More about forecasting in cienciadedatos.net

Introduction

Tree-based models, including decision trees, random forests and gradient boosting machines (GBMs), are known for their effectiveness and widespread use in various machine learning applications. However, they have limitations when it comes to extrapolation, i.e., making predictions or estimates beyond the range of observed data. This limitation becomes particularly critical when forecasting time-series data with a trend. Because these models lack the ability to predict values beyond the observed range during training, their predicted values will deviate from the underlying trend.

Several strategies have been proposed to address this challenge, with one of the most frequently used techniques being differentiation. This process involves calculating the differences between successive observations in the time series. Rather than modeling the absolute values, the focus shifts to modeling the relative change ratios. After estimating the predictions, the transformation can be reversed to recover the values in their initial scale.
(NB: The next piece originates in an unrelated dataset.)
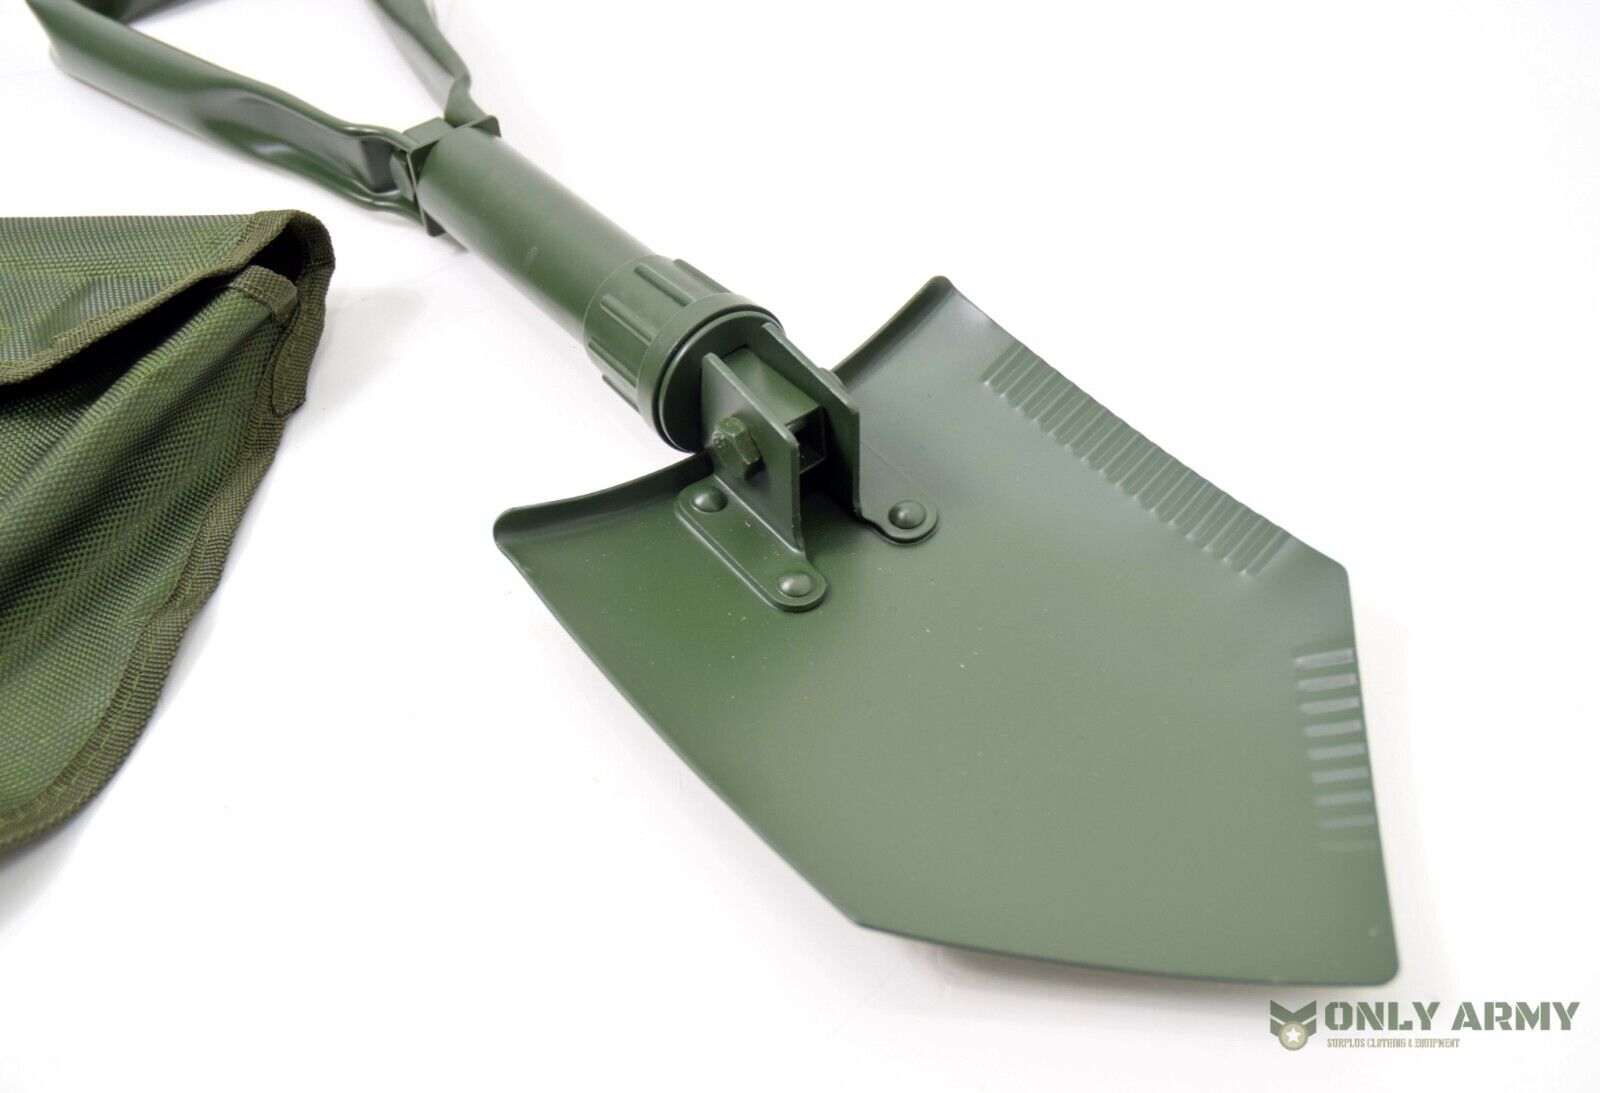 British Army Style Entrenching Tool Shovel Tri Fold Folding Shovel With Pouch
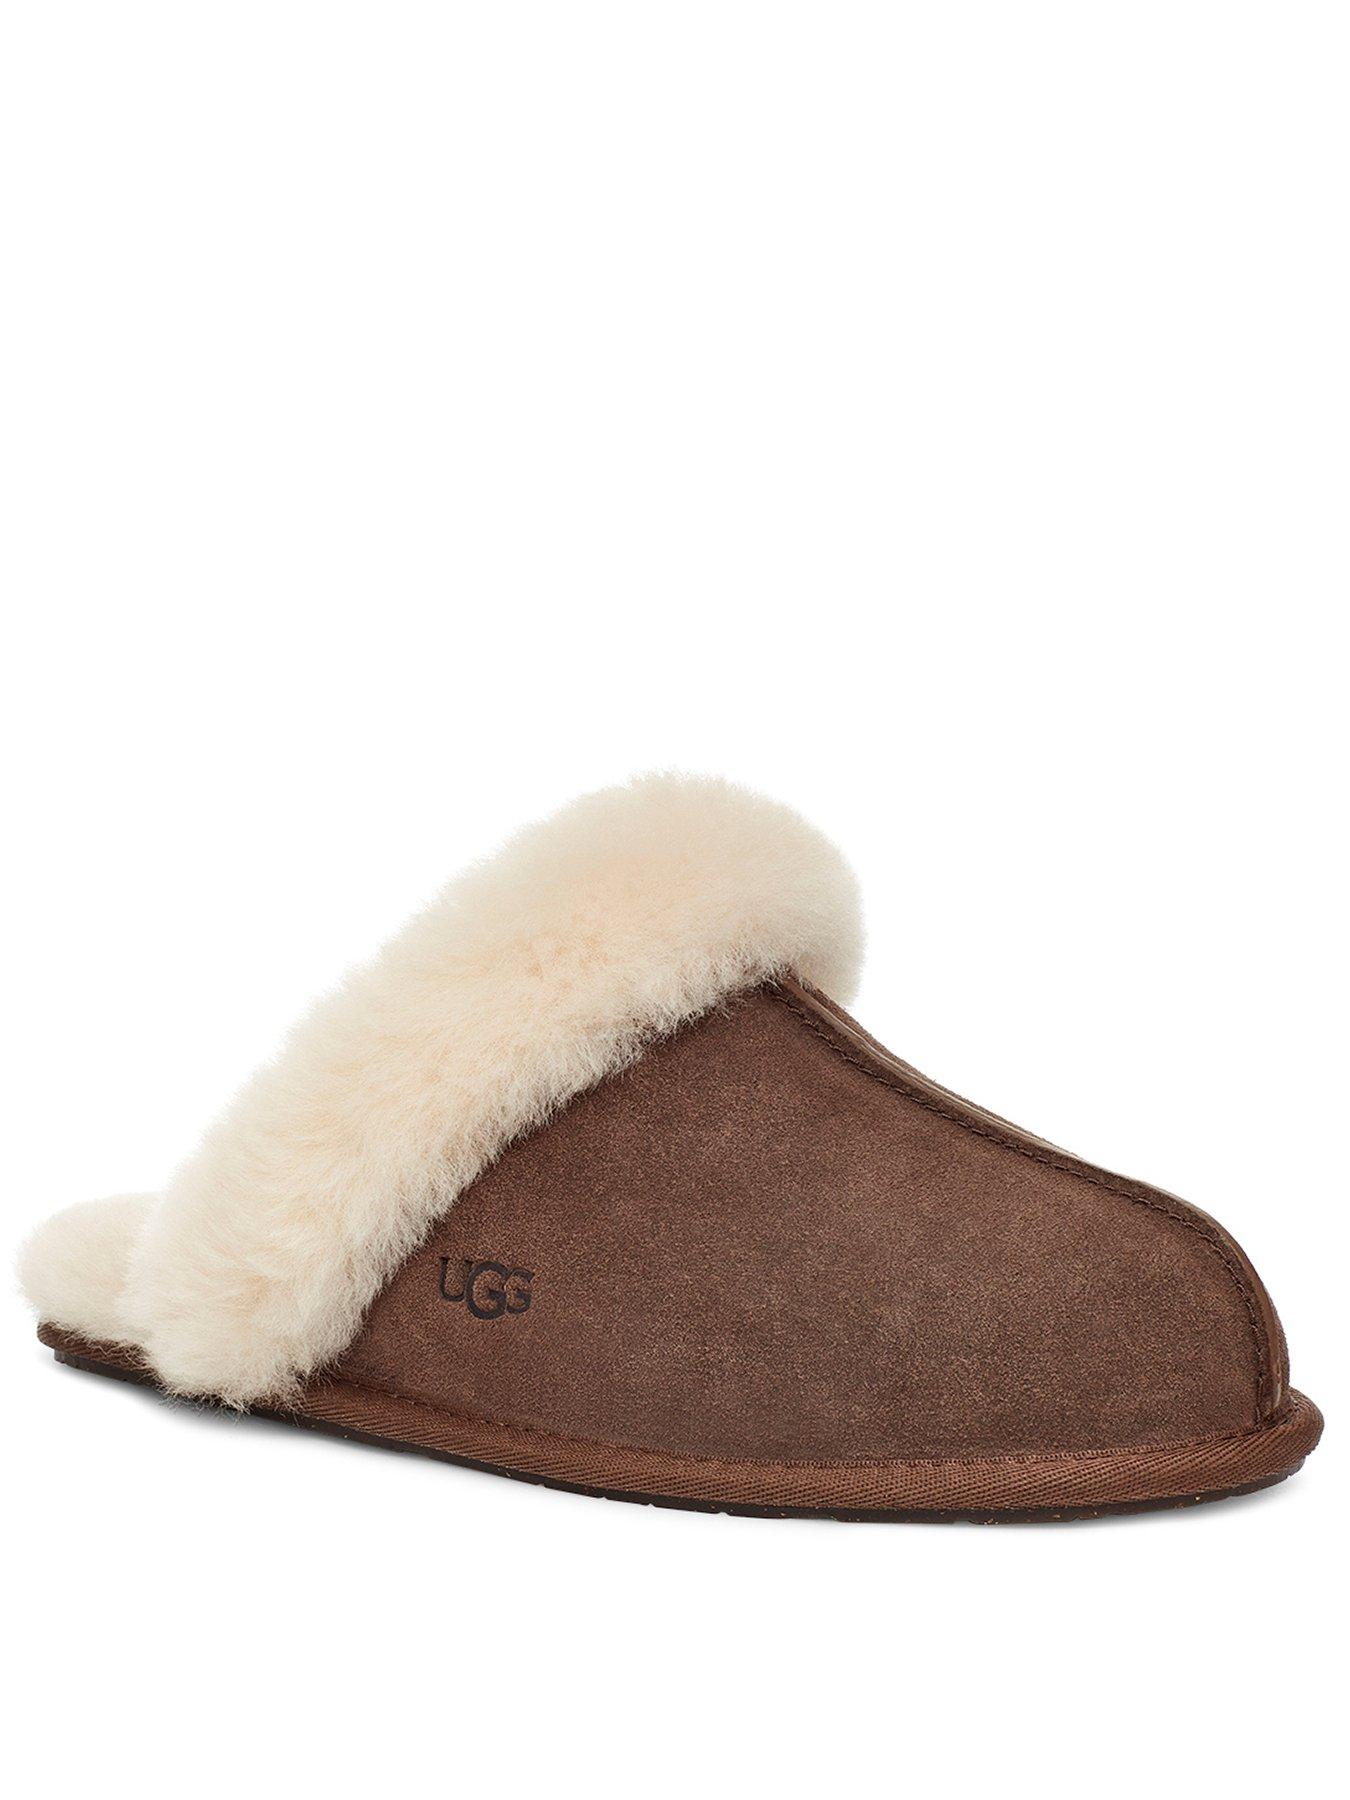 ladies ugg slippers size 8

The skforecast library, version 0.10.0 or higher, introduces a novel differentiation parameter within its forecaster classes to indicate that a differentiation process must be applied before training the model. This is achieved by making internal use of a new transformer named skforecast.preprocessing.TimeSeriesDifferentiator. It should be noted that the differentiation process has been fully automated and its effects are reversed during the prediction phase, ensuring that the forecast values are in the same scale as the original time series data.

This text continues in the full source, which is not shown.